I'm trying to extract more useful information from the following definition:
A point $x^*$ is an accumulation point of the sequence $\{x_n\}$ if, for every open set containing x , there are infinitely many indices such that the corresponding elements of the sequence belong to the open set.
I would like to say that this is equivalent to saying the following:
$x^*$ is an accumulation point if there exists a subsequence $x_{a_n}$ such that $lim_{n\rightarrow\infty} x_{a_n}=x^*$.
Is this true?
Best Answer
This is not true in general. If a space is first countable, i.e. has a countable basis at each point, then this result is true. Metric spaces are first countable.
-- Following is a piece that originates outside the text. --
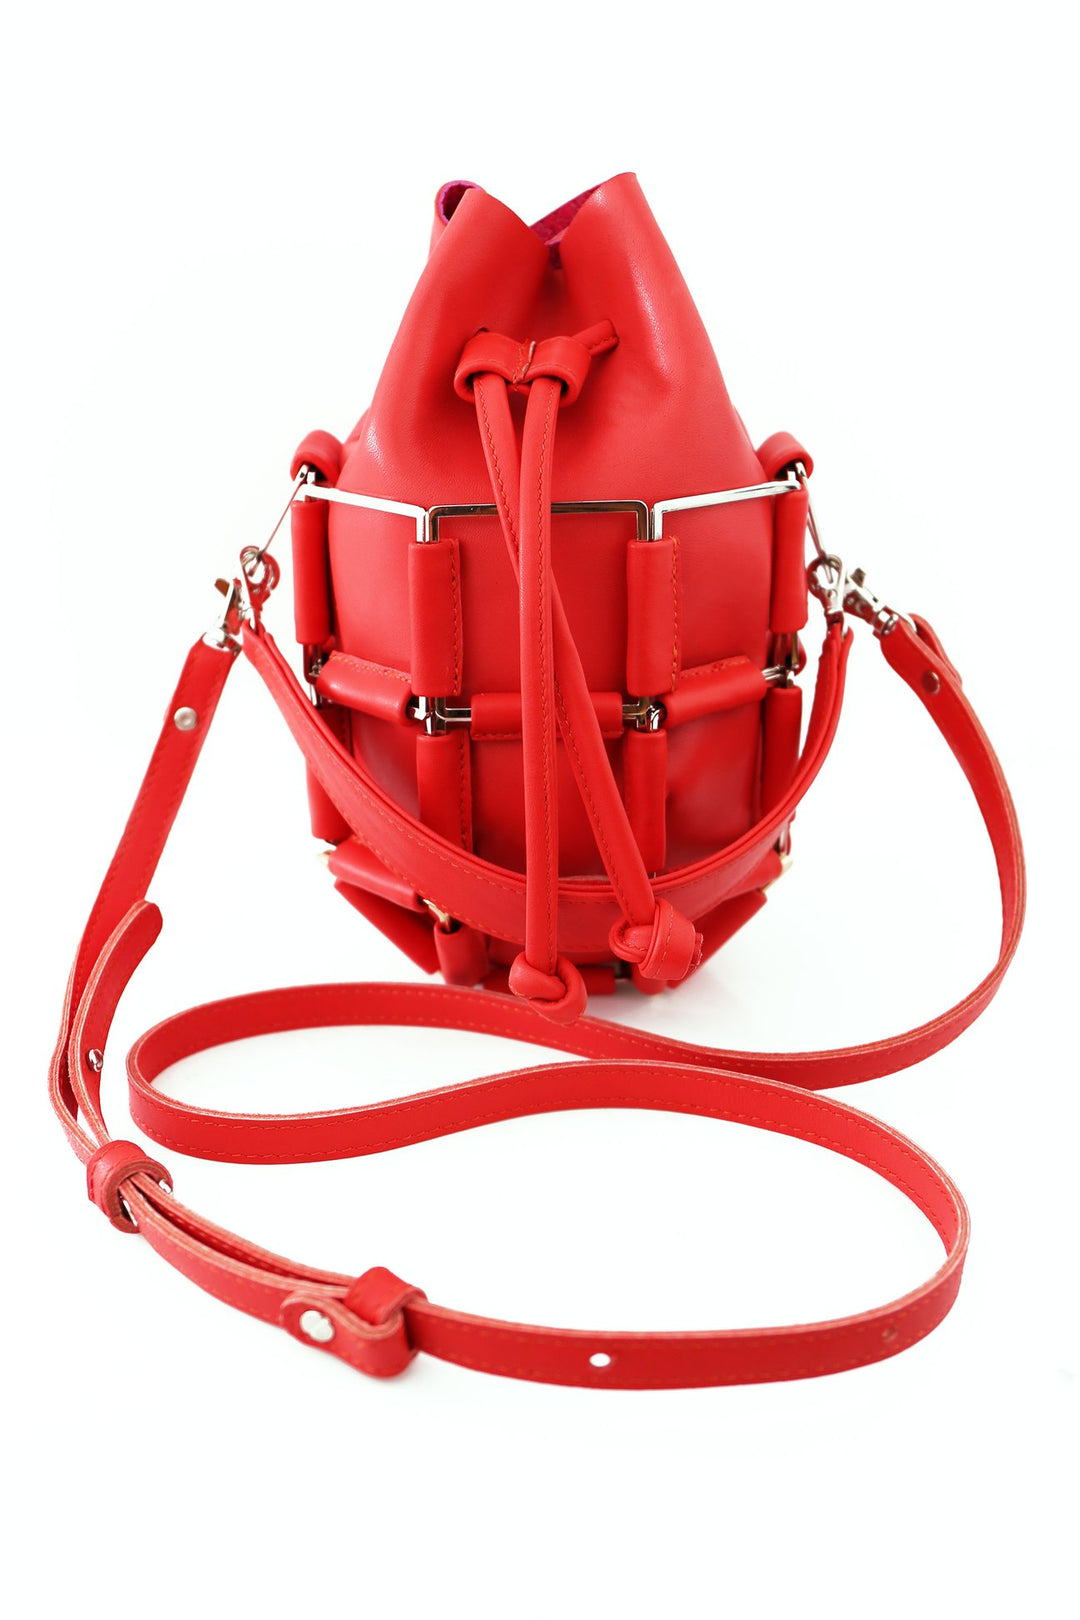 BruceGlen Grenade Bag in Red Cherry Bomb

To prove this, suppose $X$ is a first countable space and $A \subset X$. (In your case, $A = \{x_n : n \in \mathbb{N}$ where $(x_n)$ is a sequence.) Let $(U_n)_{n \in \mathbb{N}}$ denote a countable basis at the point $x^*$, where $x^*$ is an accumulation point of $A$. By definition, of accumulation point, there exists a $x_0 \in A$ and $x_0 \in U_0$. $U_0 \cap U_1$ is an open set. Again since $x^*$ is an accumulation point, there exists a $x_1 \in A$ and $x_1 \in U_0 \cap U_1$. Continue this to create a sequence $(x_n)_{n \in \mathbb{N}}$. Then since $U_n$ is a countable basis, you can prove that $\lim_{n \rightarrow \infty} x_n = x^*$. This is because given any open set $U$, there exists a $n$ such that $U_n \subset U$ such that $x^* \in U_n$ (definition countable basis). By construction, for all $m > n$, $x_m \in U_n \subset U$.
In metric spaces, the proof is bit nicer. You can take your countable basis to be $U_n = B_{\frac{1}{n}}(x^*)$. So using the definition of accumulation point, just choose $x_n$ such that $x_n \in B_\frac{1}{n}(x^*)$.